There is no casual dismissing of the similarities between what is happening now with Judge Brett Kavanaugh and what happened to Roy Moore. Nor can the fact be dismissed that the latter set the precedent for the former – even the dim bulbs at Think Progress know it.
Face it; once it was accepted that last minute allegations of events from decades ago with zero contemporaneous documentation or evidence could be taken as gospel truth, this tactic was essentially greenlighted as valid for the Left to deploy over and over again. After all, it worked – in ruby Red Alabama, no less.
So this anonymous allegation being levelled now was utterly predictable, and in fact, a large number of people did in fact predict it in the immediate aftermath of Roy Moore’s loss and immediately Kavanaugh’s nomination was announced.
Senator Mazie Hirono (D-HI) makes it a point to ask every nominee to confess to committing sexual assault, so there’s no excuse for not seeing this coming. If anything, Senate Republicans should be telling all nominees for any position by this Administration to assemble a battalion of character witnesses as a matter of course.
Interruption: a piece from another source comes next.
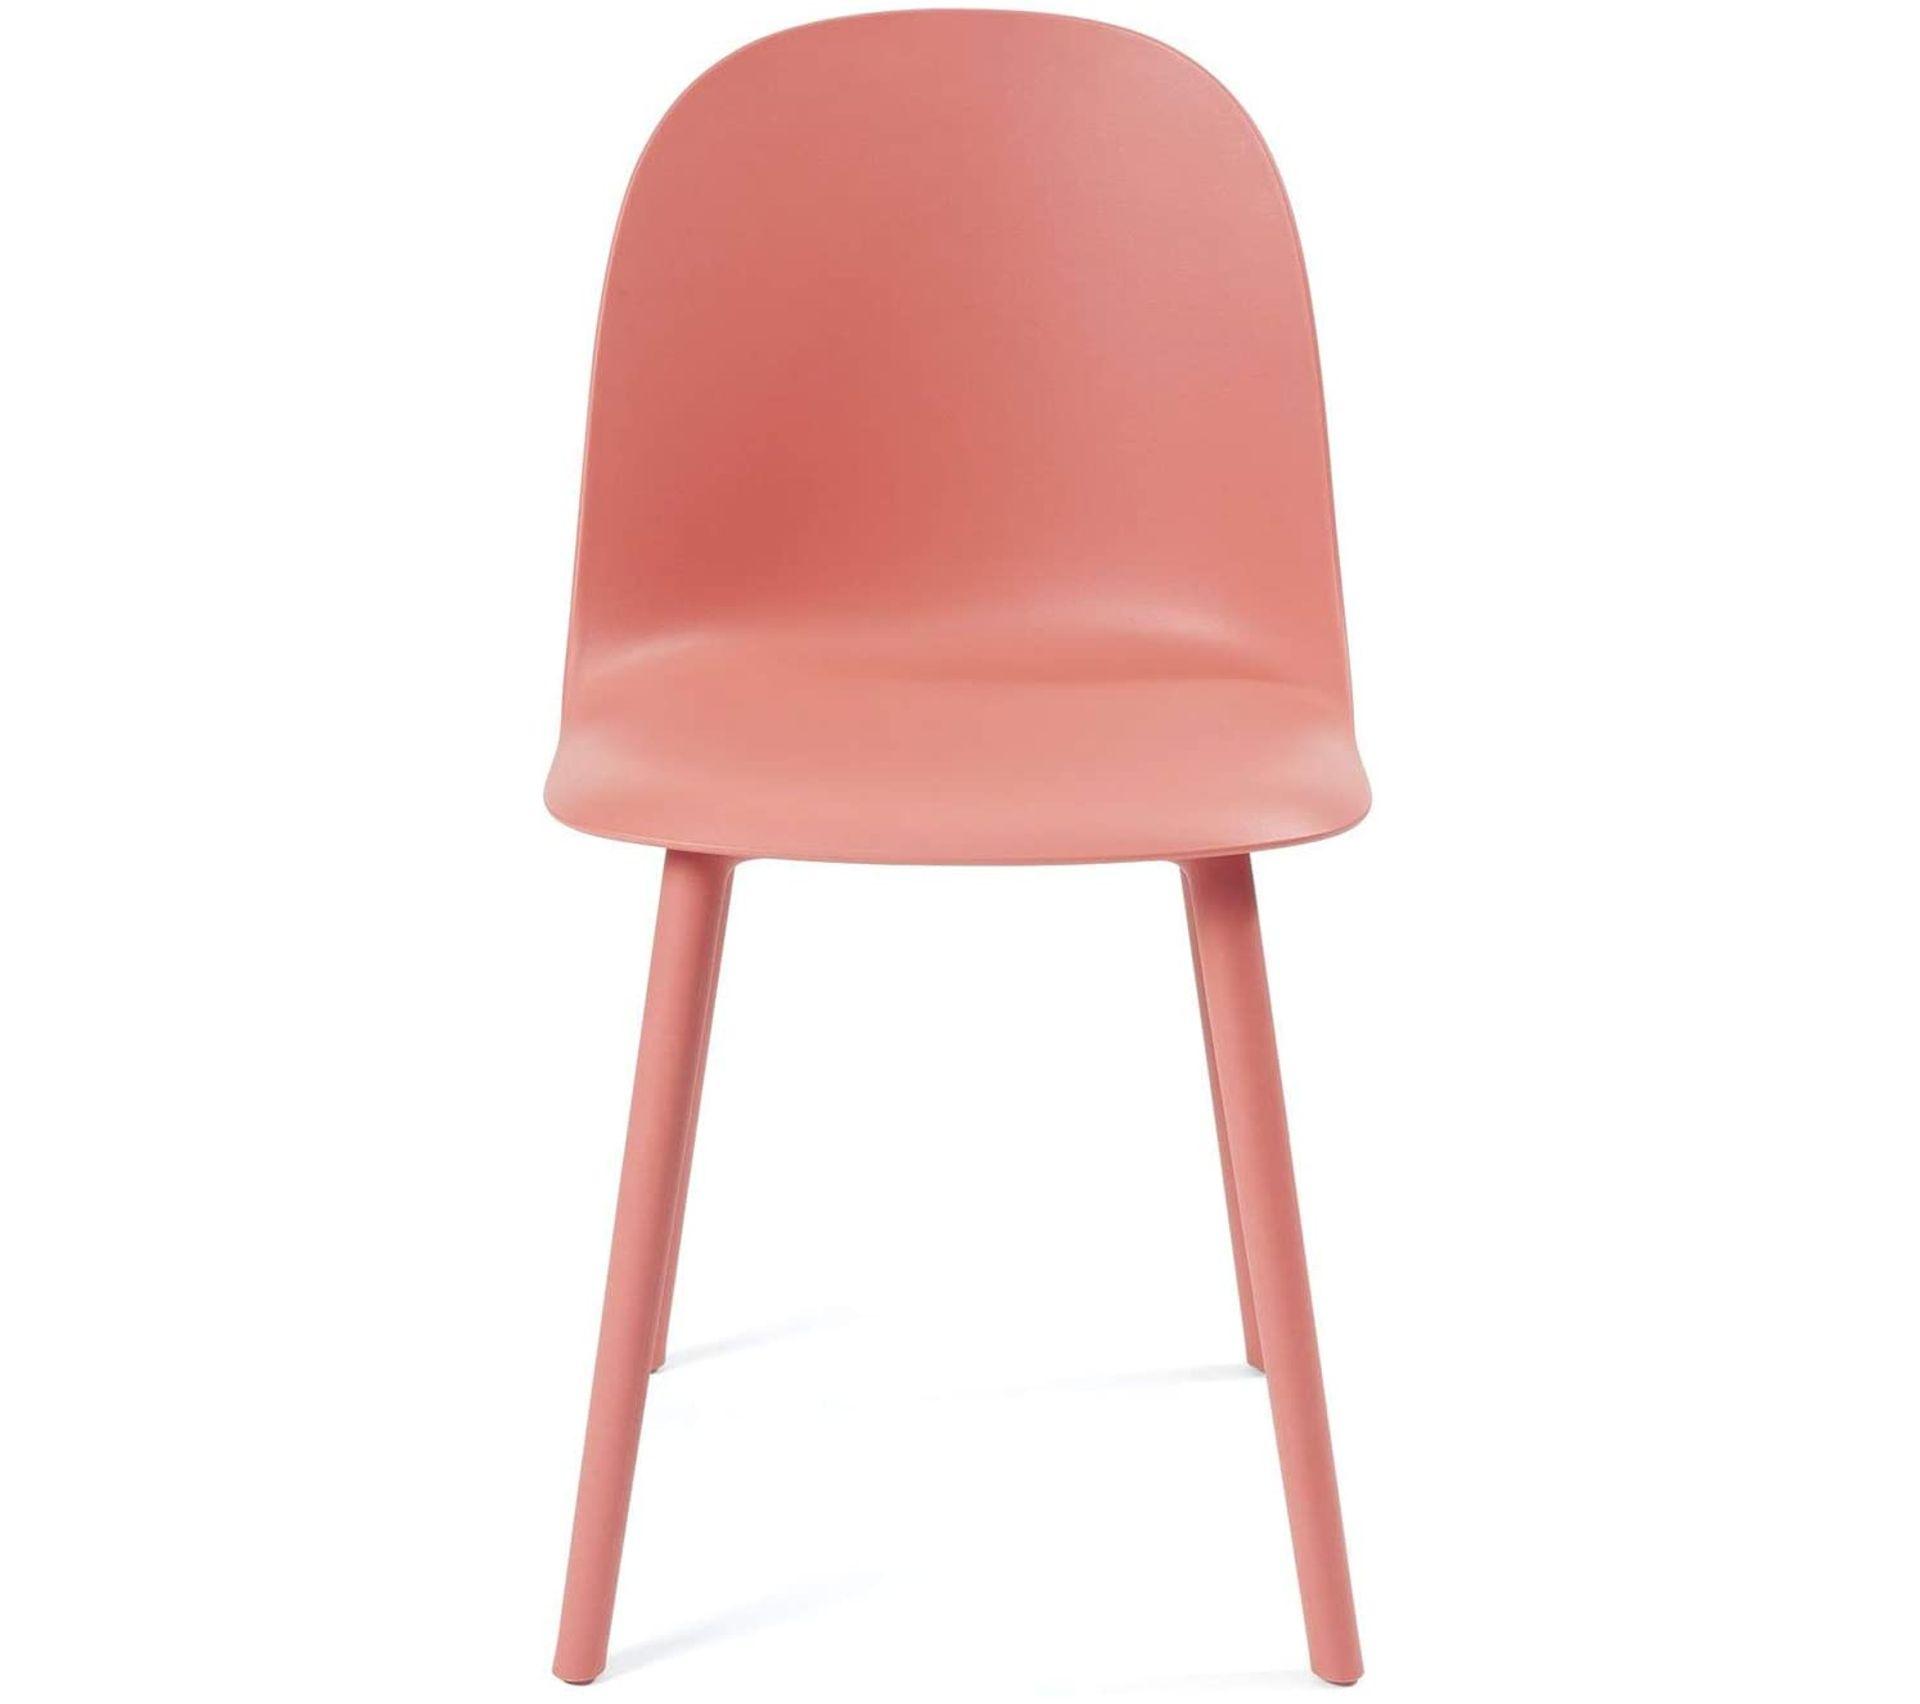 lot de 2 chaises cuisine design interieur extrerieur ufi rouge

The interesting thing is that while the Left is more than happy to allege some sort of conspiracy to explain Kavanaugh’s 65 female character witnesses, skeptics of Moore’s accusers were admonished for bringing up the high likelihood that Moore’s fortuitously timed 9 accusers were also recruited.
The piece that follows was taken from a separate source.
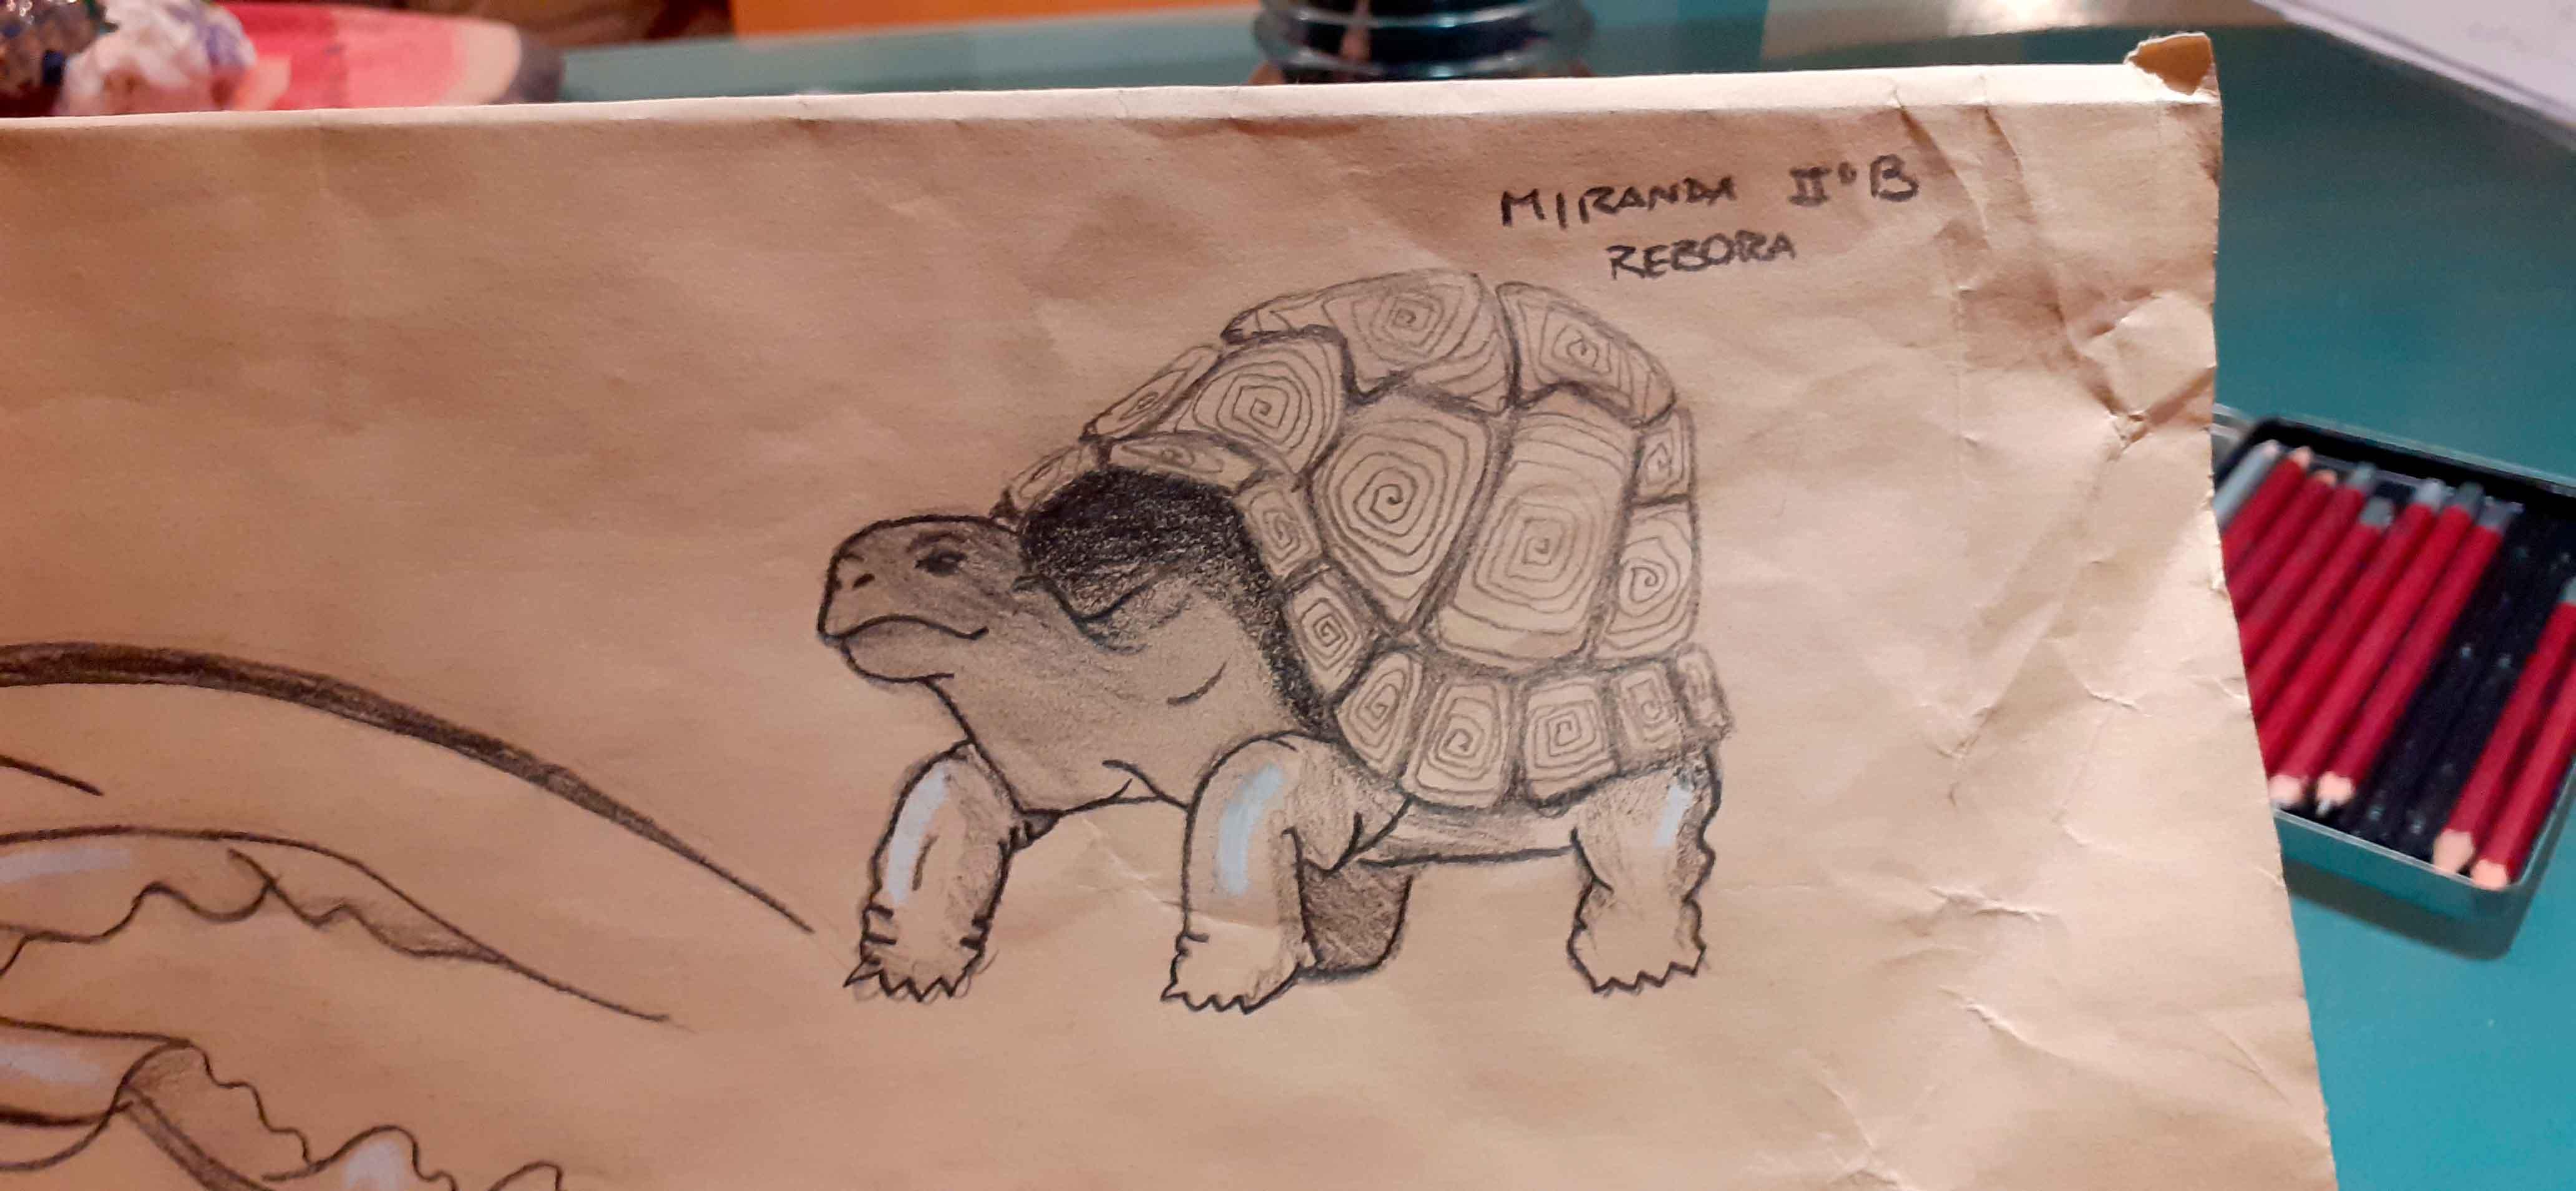 rebora_disegno6

Even worse is the other precedents set during the Moore episode; that accusers are never to be questioned, that any attempt by the accused to defend himself is further evidence of his moral depravity and that the sheer volume of accusations obviates any requirement for evidence.
So many people, many of whom I still have a lot of respect for – including Caleb Howe, Ben Shapiro, etc – insisted that requiring more than just the words of women coming out the woodwork decades after the supposed fact was not necessary because this was “not a court of law” – jettisoning the *cultural* principle of “innocent until proven guilty” – the idea that it should apply even outside a courtroom.
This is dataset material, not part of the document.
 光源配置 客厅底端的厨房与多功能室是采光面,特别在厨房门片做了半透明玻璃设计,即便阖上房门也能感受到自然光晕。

All Democrats now need to do now is to have another two or three women level similar allegations.
The problem this presents to Brett Kavanaugh is that over the course of his life and especially given where he lives, Kavanaugh has certainly met and interacted with more than one woman who is now a member of the #Resistance.
Given what we’ve seen now (the women in Handmaiden’s Tale costumes, a college professor actually shooting himself to protest Trump), is anyone really willing to bet there are not more than at least five women willing to do *anything* – including level false allegations of sexual assault – to prevent Brett Kavanaugh from being confirmed to the Supreme Court?